Emphasis is on the conflicts between former and current clients because in that setting are the most troublesome disqualification standards. There are, of course, other equally important issues of conflicting interests, particularly among present clients1 and between lawyer and client.2 These conflicting interest issues arise in office practice as well as in litigation.

I. Standards Governing Conflicting Interests: Ethics or Law?3

Is the lawyer confronted with a conflicting interest problem to be guided by "ethics"-by the lawyer's own sense of right and wrong and of loyalty to present and former clients and to the judicial system? By the locally enforceable law of professional discipline? By a court's procedural disqualification standards? By liability standards of tort, fiduciary, and contract law? In other words, by enforceable law or by personal ethics?

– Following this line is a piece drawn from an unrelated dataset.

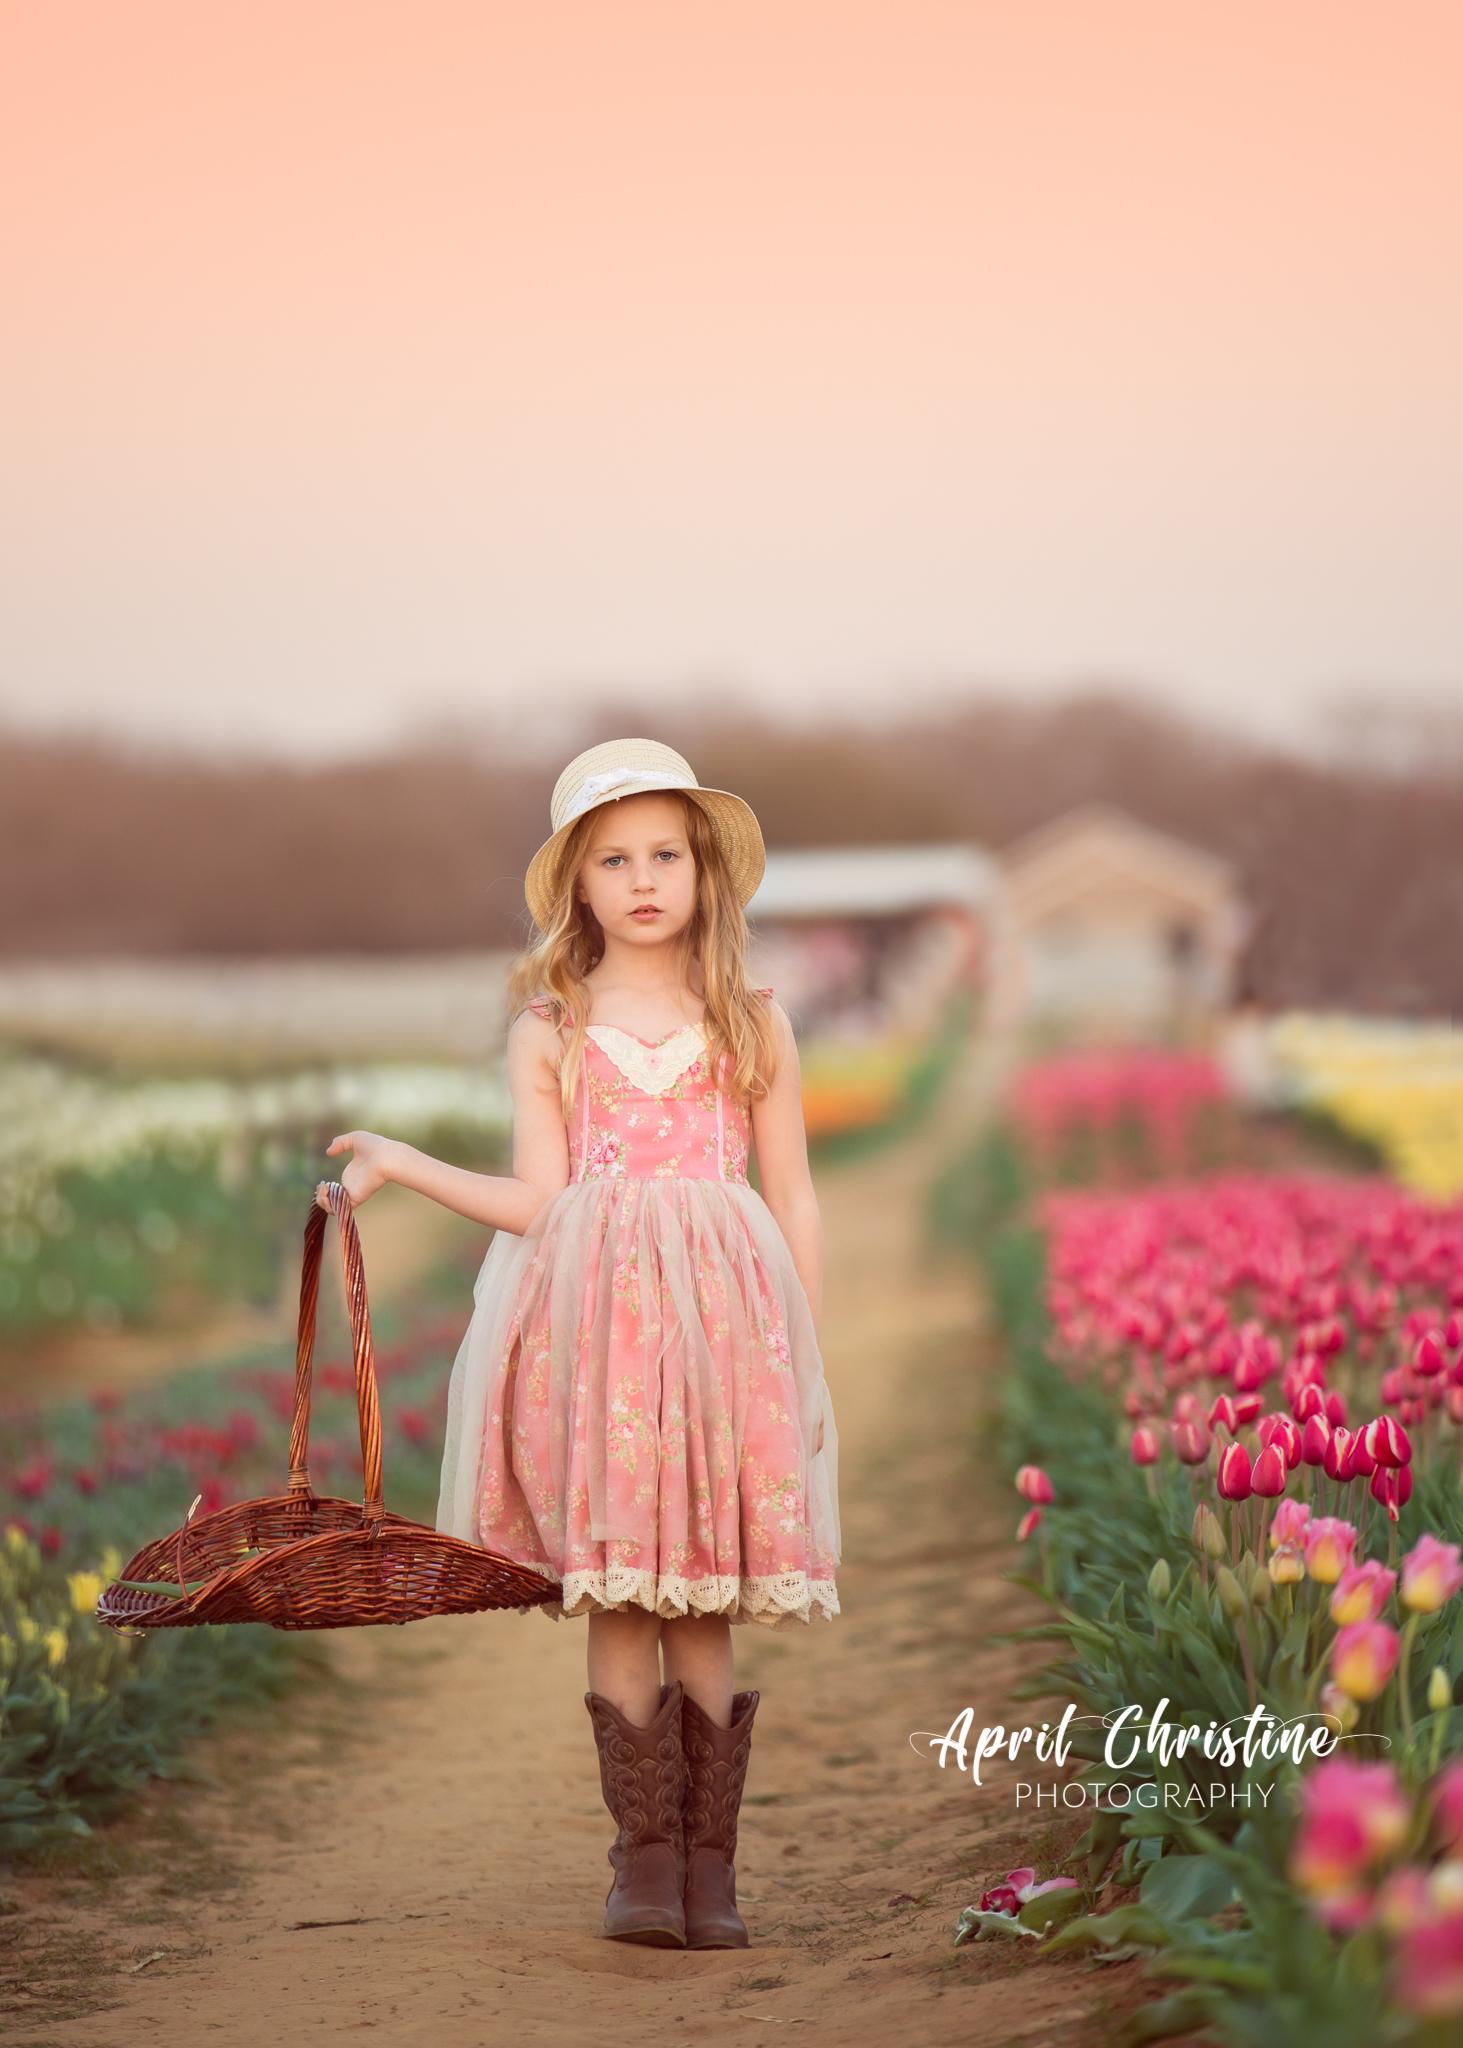 Child Photographer in Dallas Texas

A careful lawyer will be guided by all of those controls, legal and ethical. A sense of morality or ethics helps avoid questionable entanglements. When enforceable legal standards leave room for the exercise of personal discretion, personal ethics should guide the lawyer.

II. Conflicting Interests Standards: Disciplinary and Procedural

A pressing but inadequately probed issue is the extent to which legal standards for conflicting interests should vary according to the remedy being sought. A single standard cannot be effective and fair as a hortatory guide to personal ethics, a quasi-penal law punishing lawyers by disbarment or other penalty, a procedural disqualification rule, and a tort or fiduciary standard for the recovery of damages by an injured person.

Each remedy serves particular policy interests. A procedural remedy should safeguard prompt, fair trials. A motion to disqualify invokes a primary concern whether disqualification will be just and fair to each party. Fairness of the trial, not fault of the lawyer, is the key.

The comprehensive disciplinary systems4 of the states are designed to determine whether a lawyer has violated disciplinary law and, if so, the proper punishment. Disqualification motions are not a part of that disciplinary process. The appropriate action for a court, upon learning during a disqualification hearing of a violation of disciplinary standards, is to notify the disciplinary authority, which should then determine fault and punishment. Appropriate action does not include use of disqualification as punishment.5 Rather, disqualification serves to guard against prejudicial or unfair trials. Most courts have eschewed giving extradisciplinary effect to disciplinary law6-except, unfortunately, when making procedural decisions in disqualification hearings.

Most courts, having failed to adopt specific disqualification rules, have filled the gap by using disciplinary standards as makeshift procedural rules.